> _WHAT THIS TASK INVOLVES_
Leaving out pictures, output exactly the lines below from the one that has "Desierto-Teaser-Poster-Gael-Garcia-Bernal-slice" through the one that has "Fila Performance Solid Tennis Hat", and nothing else.

> _RECORDED DATA_
"""

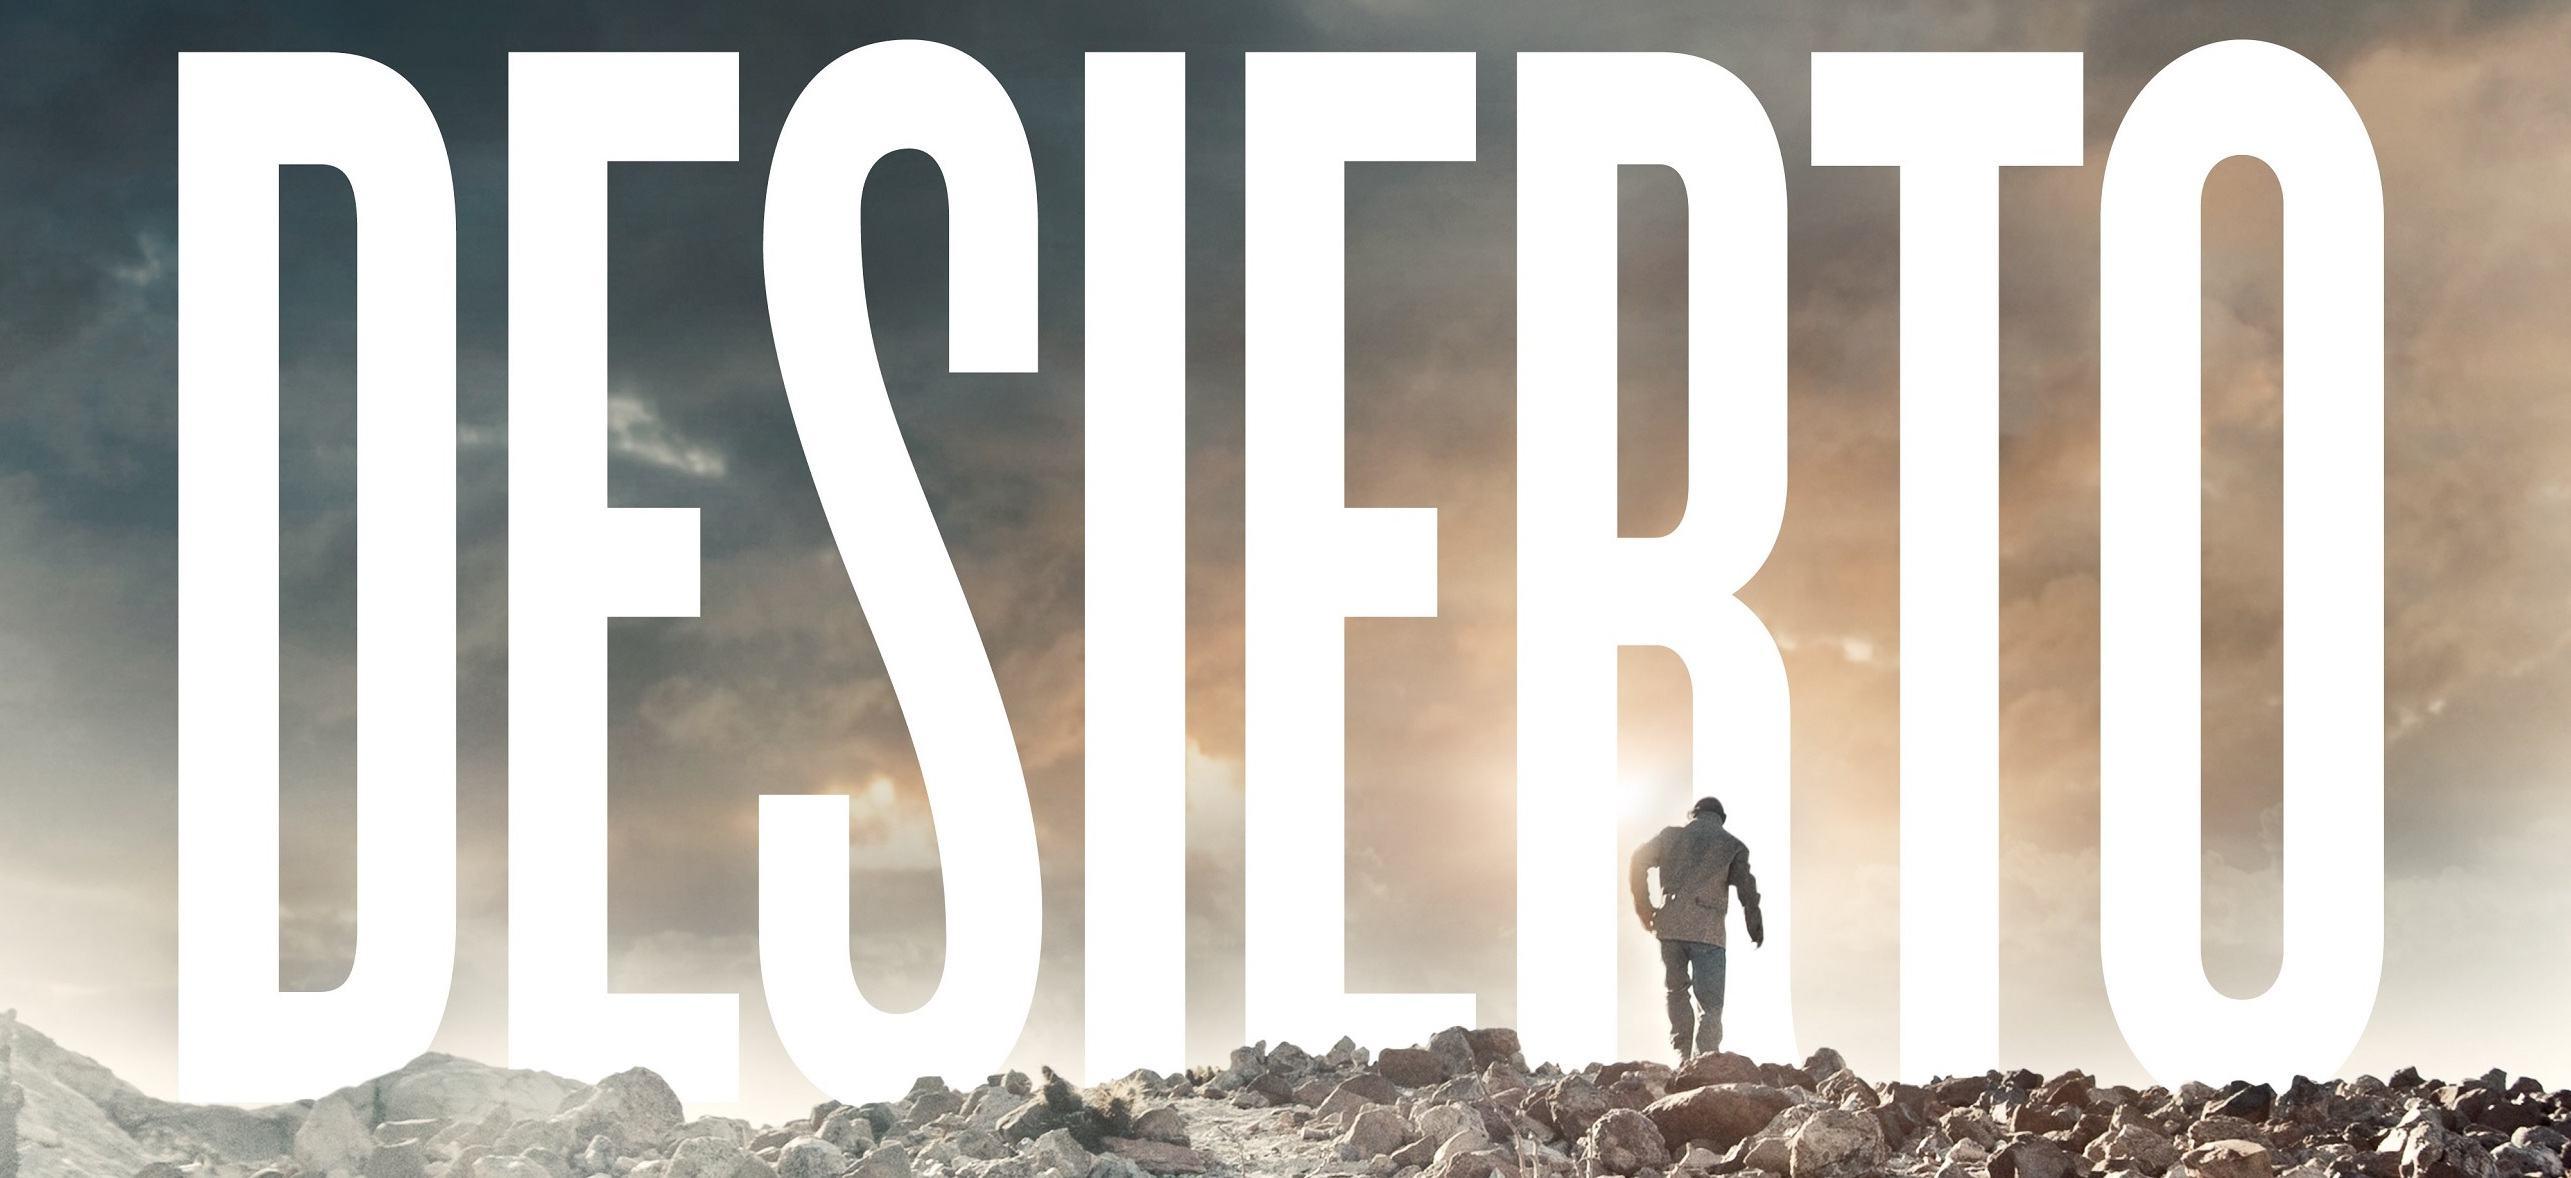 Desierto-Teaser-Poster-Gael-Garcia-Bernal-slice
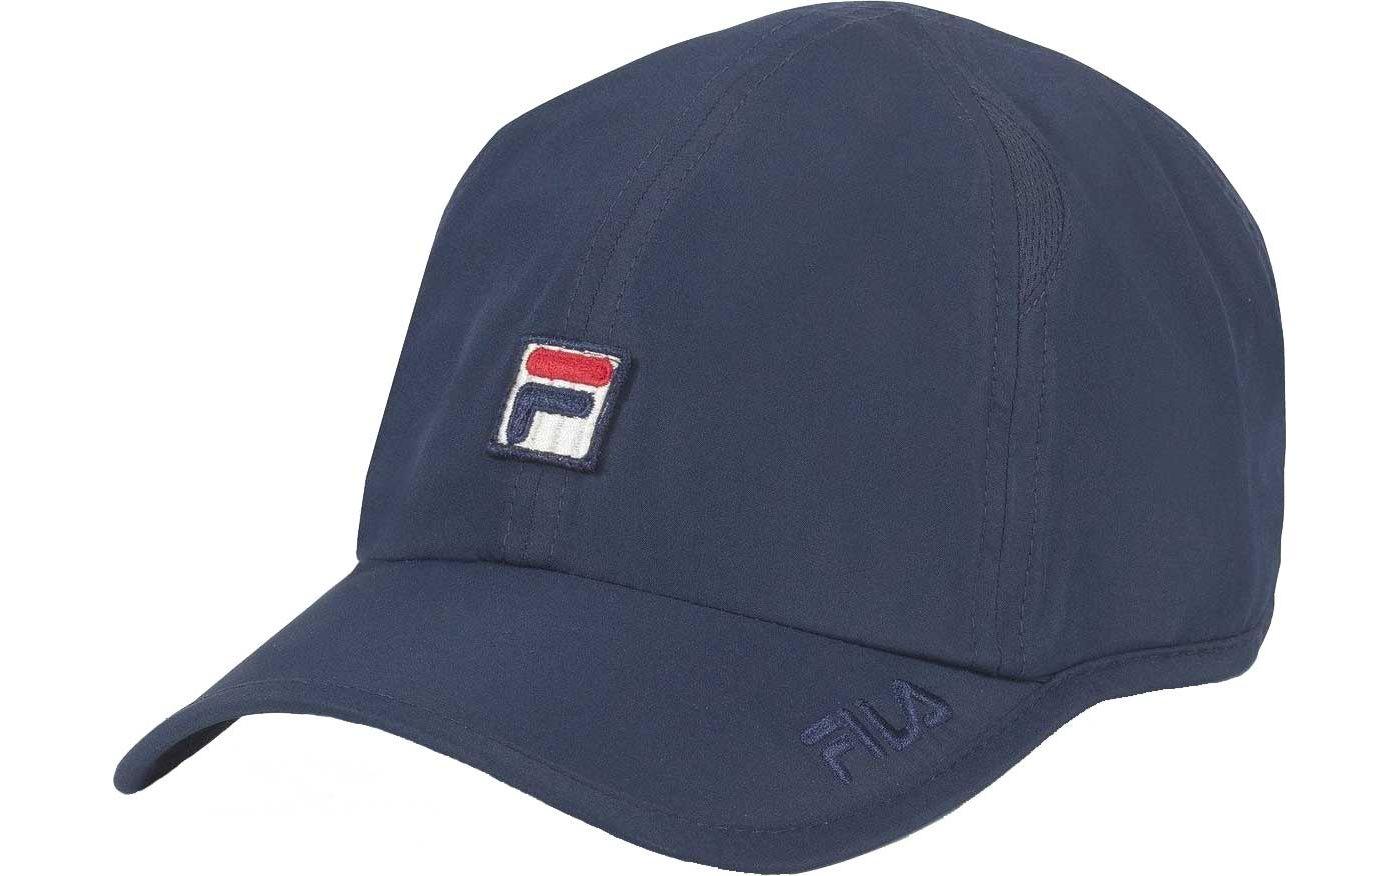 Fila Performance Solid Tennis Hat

"""
"""

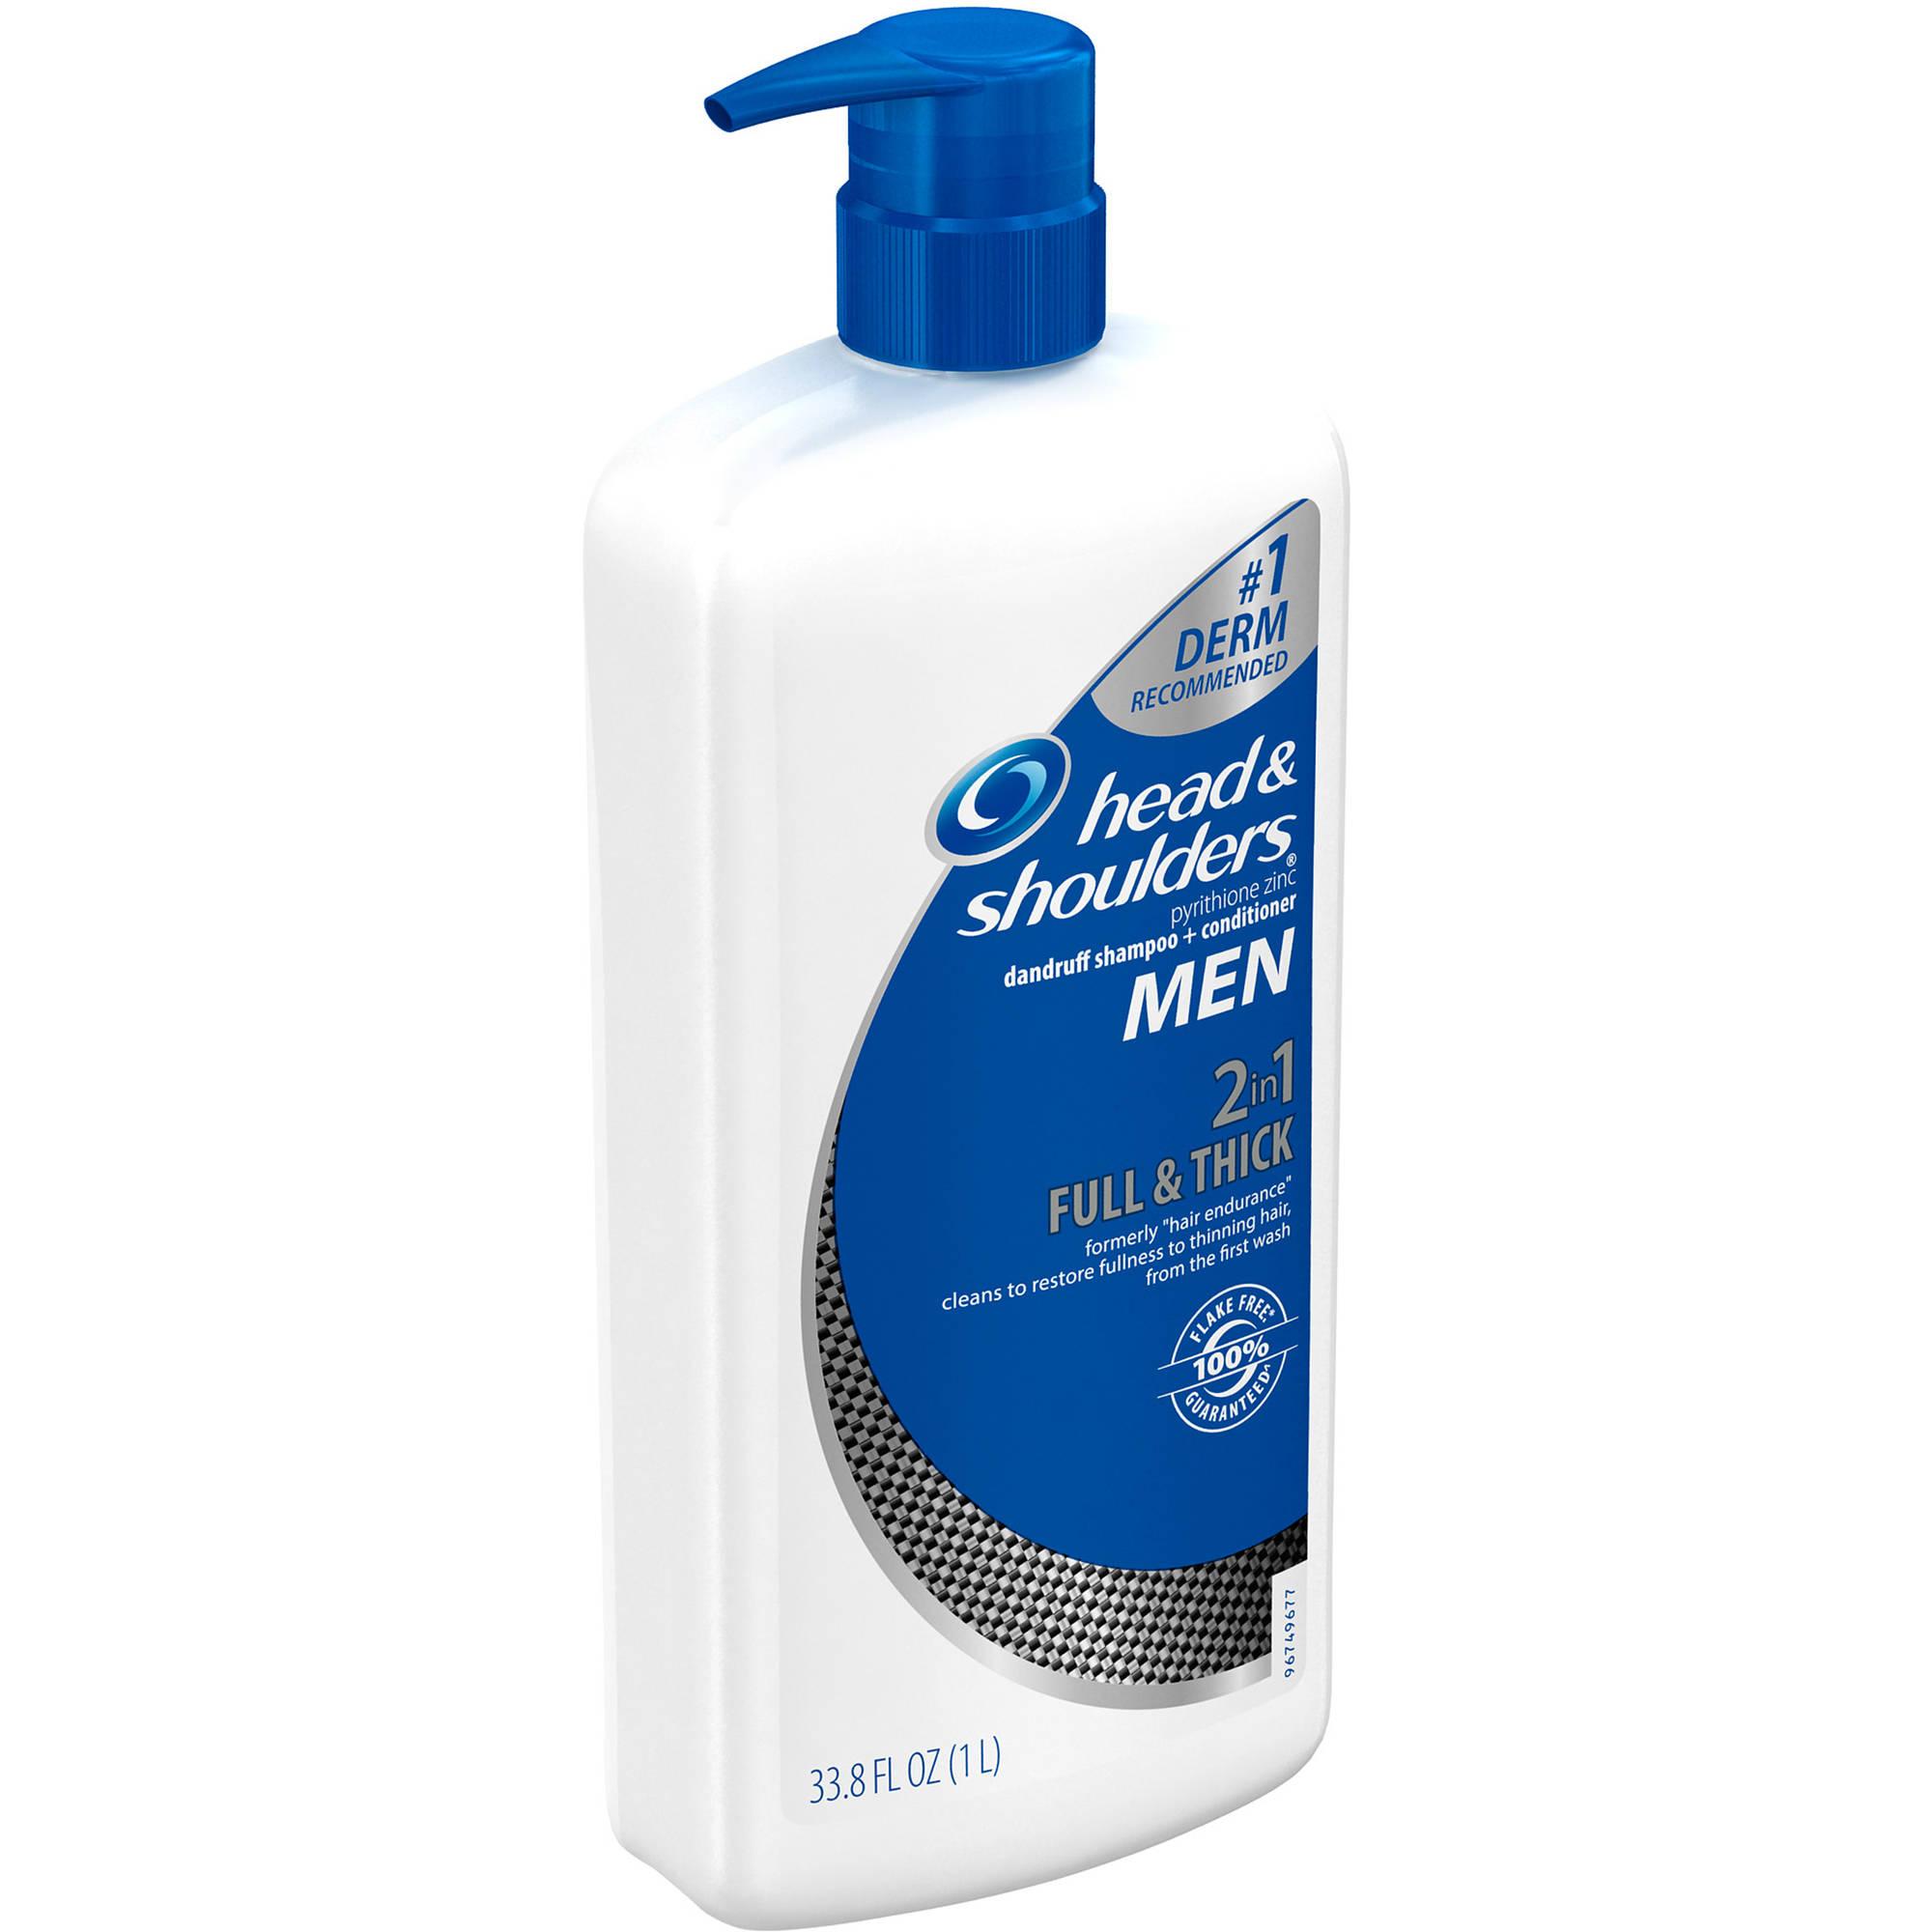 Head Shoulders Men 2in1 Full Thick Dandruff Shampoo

"""
"""

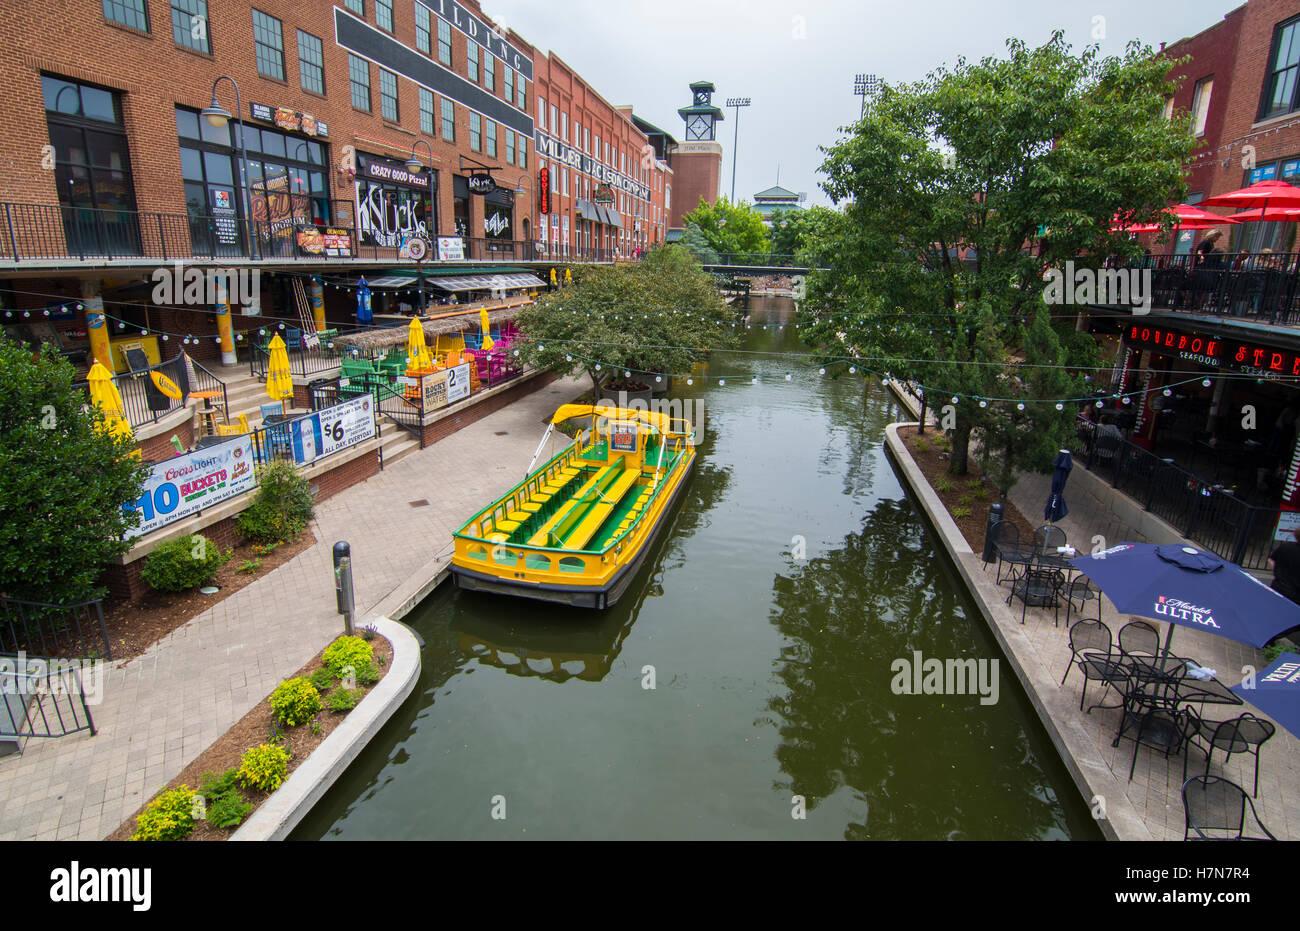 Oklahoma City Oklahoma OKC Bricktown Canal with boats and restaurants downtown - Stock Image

"""

> _TASK ANSWER_
 Desierto-Teaser-Poster-Gael-Garcia-Bernal-slice
 Fila Performance Solid Tennis Hat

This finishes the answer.